#### [Information supplied]
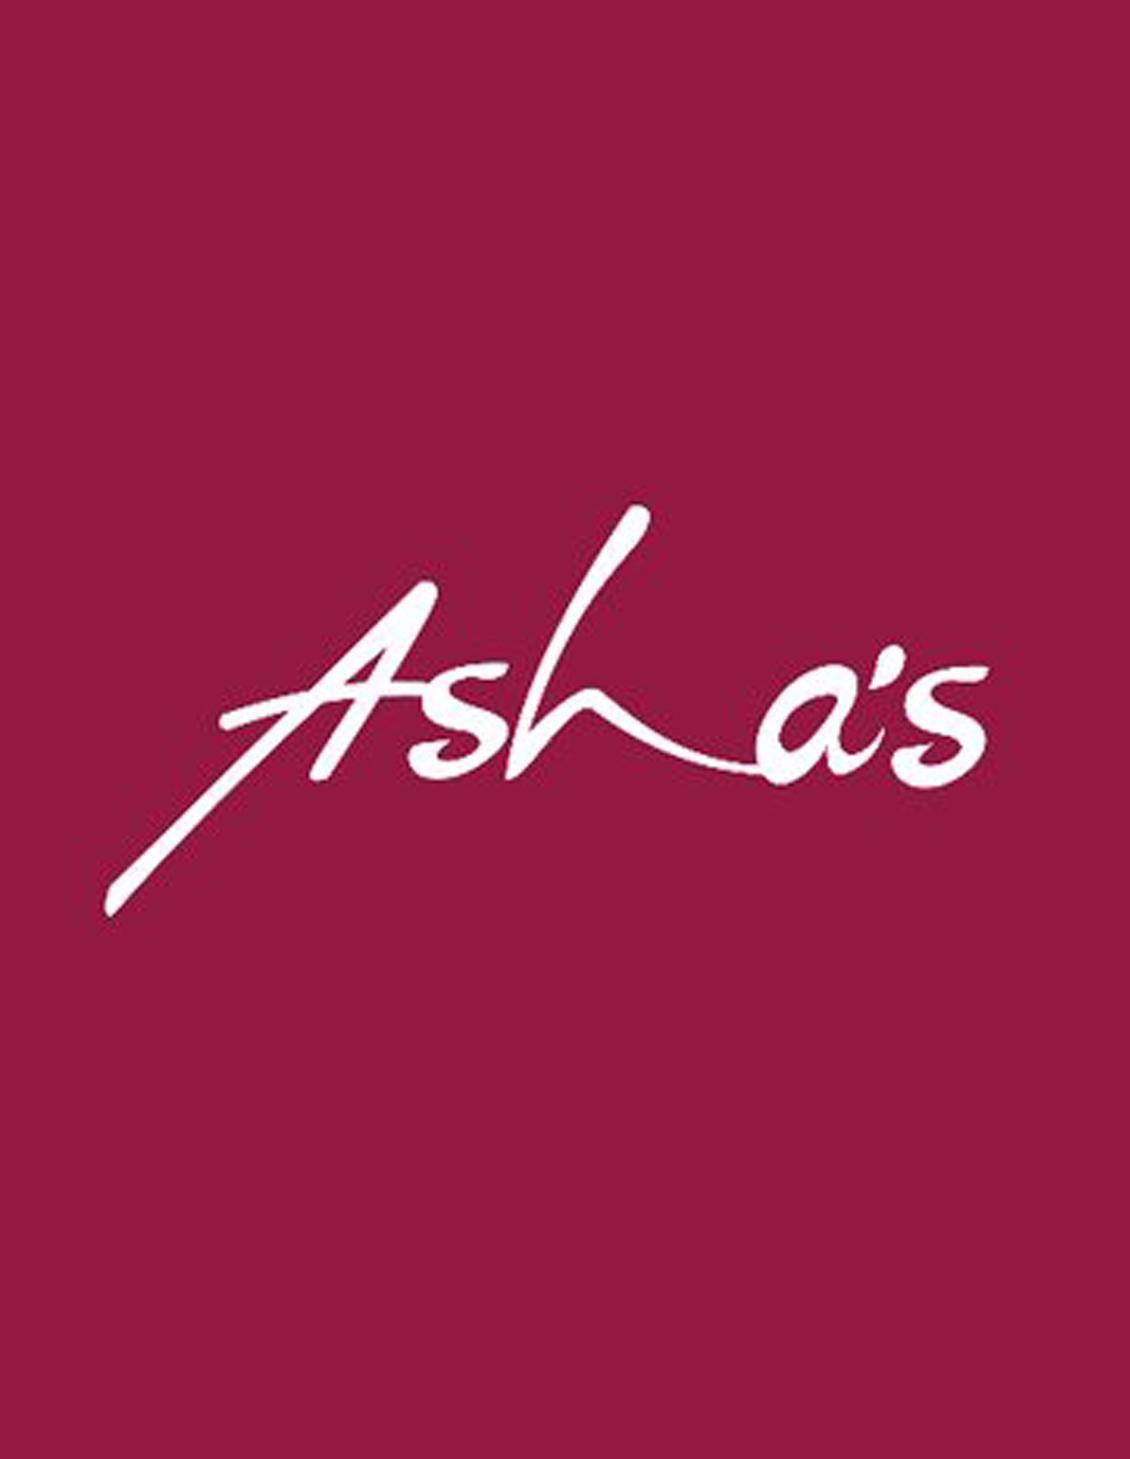 Ashas
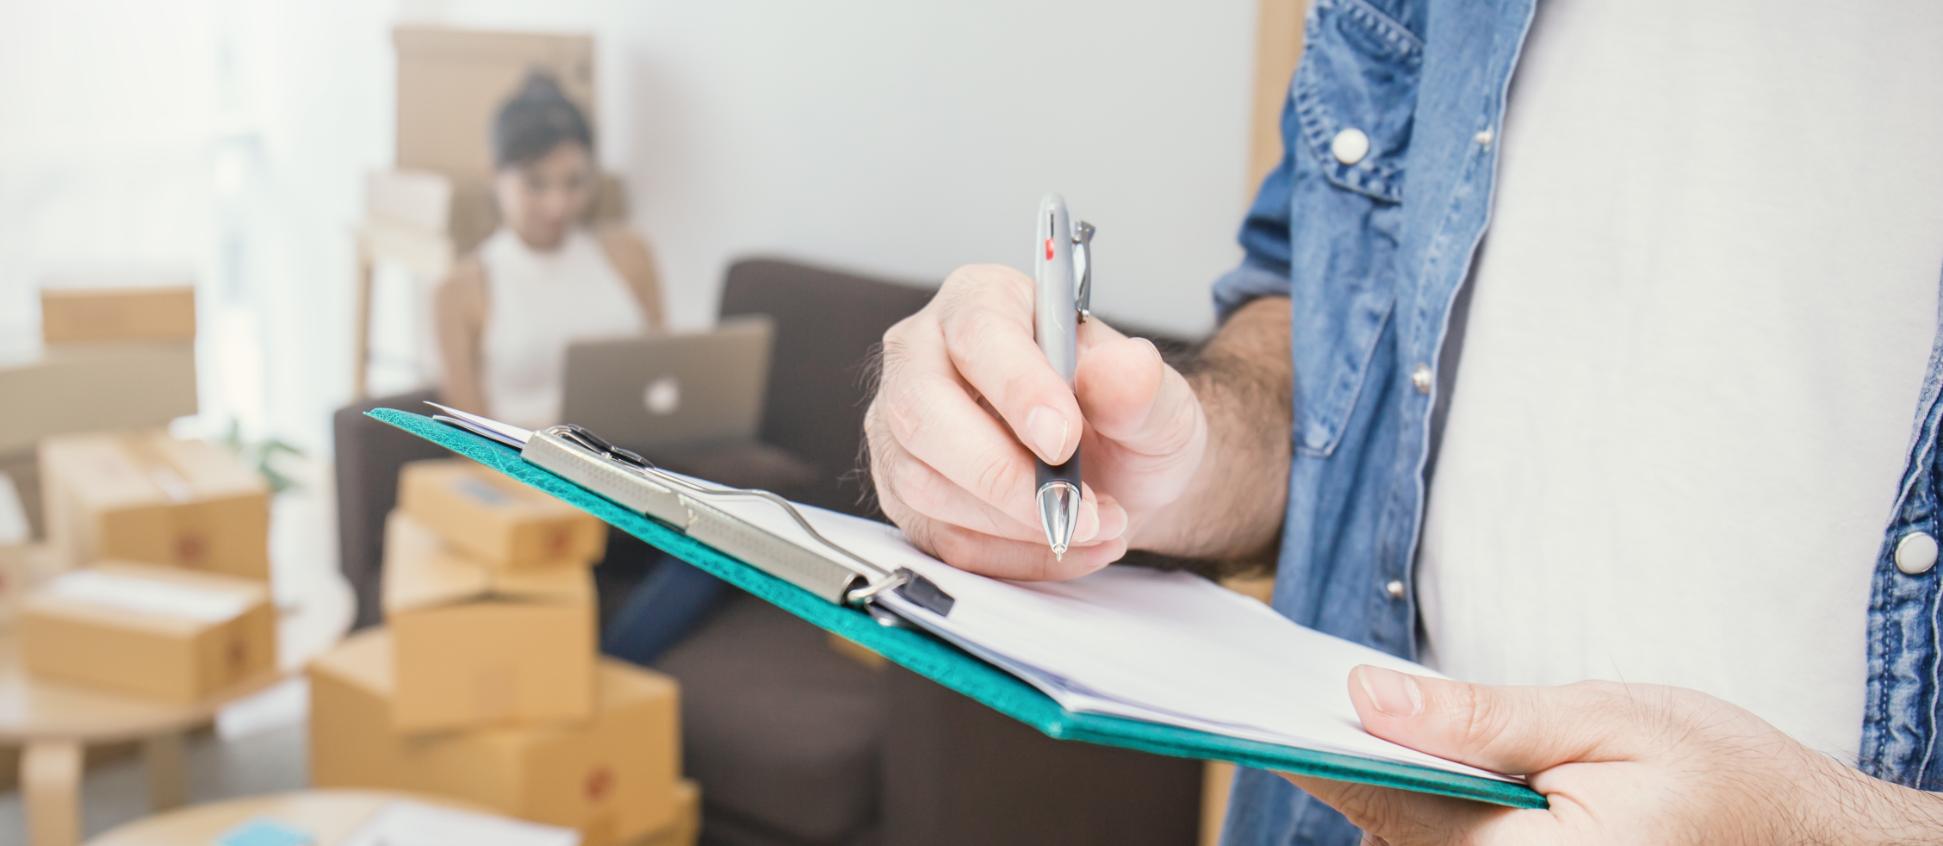 Writing on clipboard
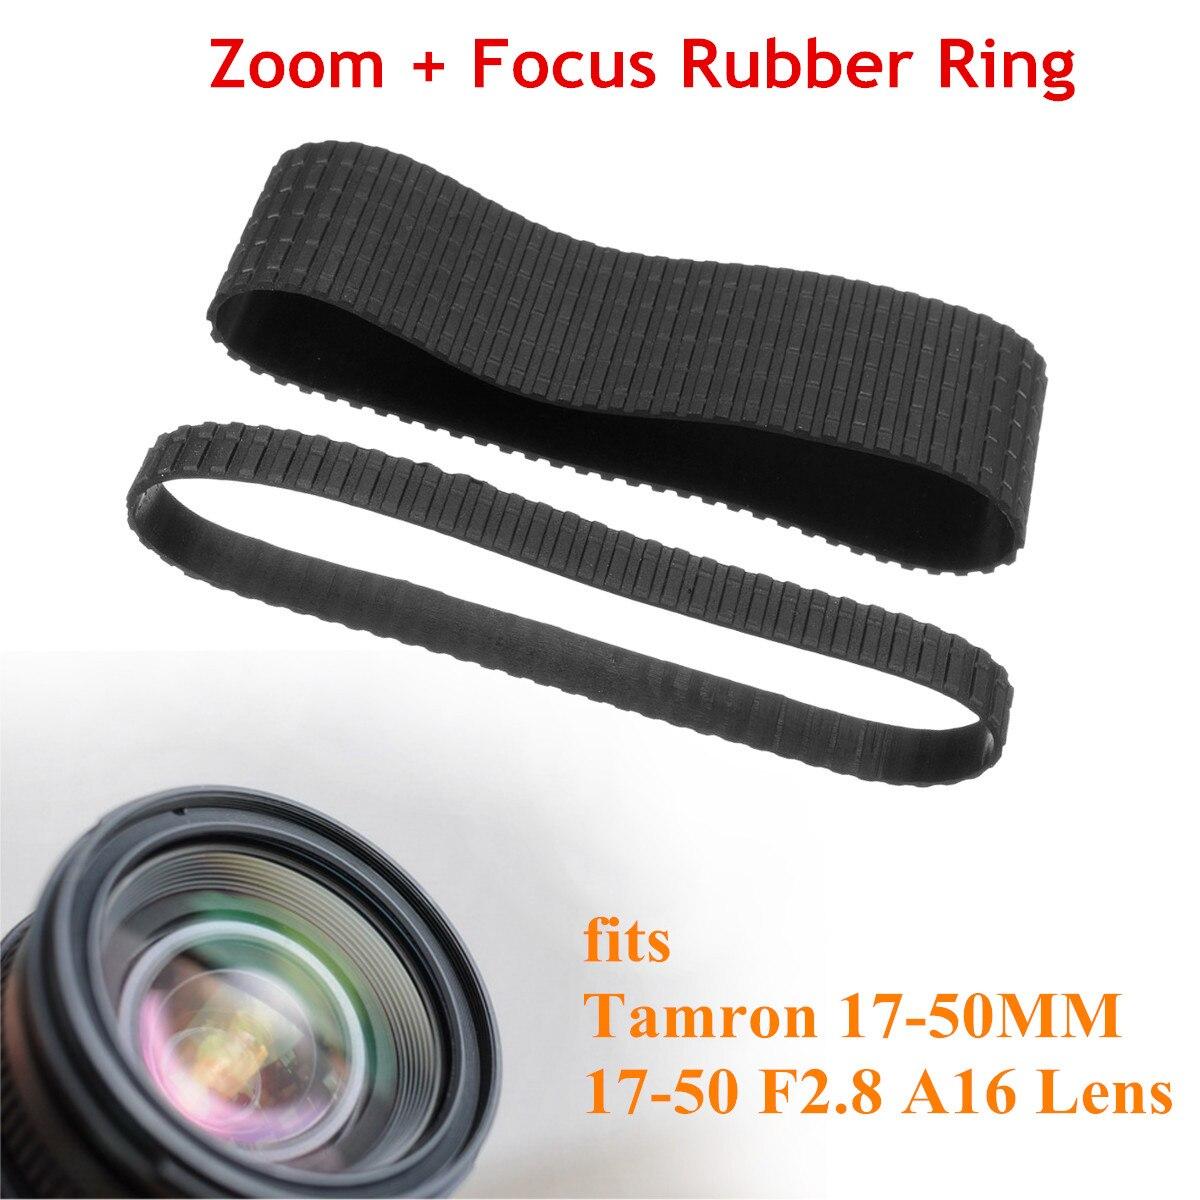 Para enfoque Zoom goma antideslizante Sustitución de anillo Set para Tamron 17-50MM 17-50 F2.8 lente A16

#### [Exercise requirements]
The answer should be an exact copy of the material, with its pictures removed.

#### [Answer to this problem]
 Ashas
 Writing on clipboard
 Para enfoque Zoom goma antideslizante Sustitución de anillo Set para Tamron 17-50MM 17-50 F2.8 lente A16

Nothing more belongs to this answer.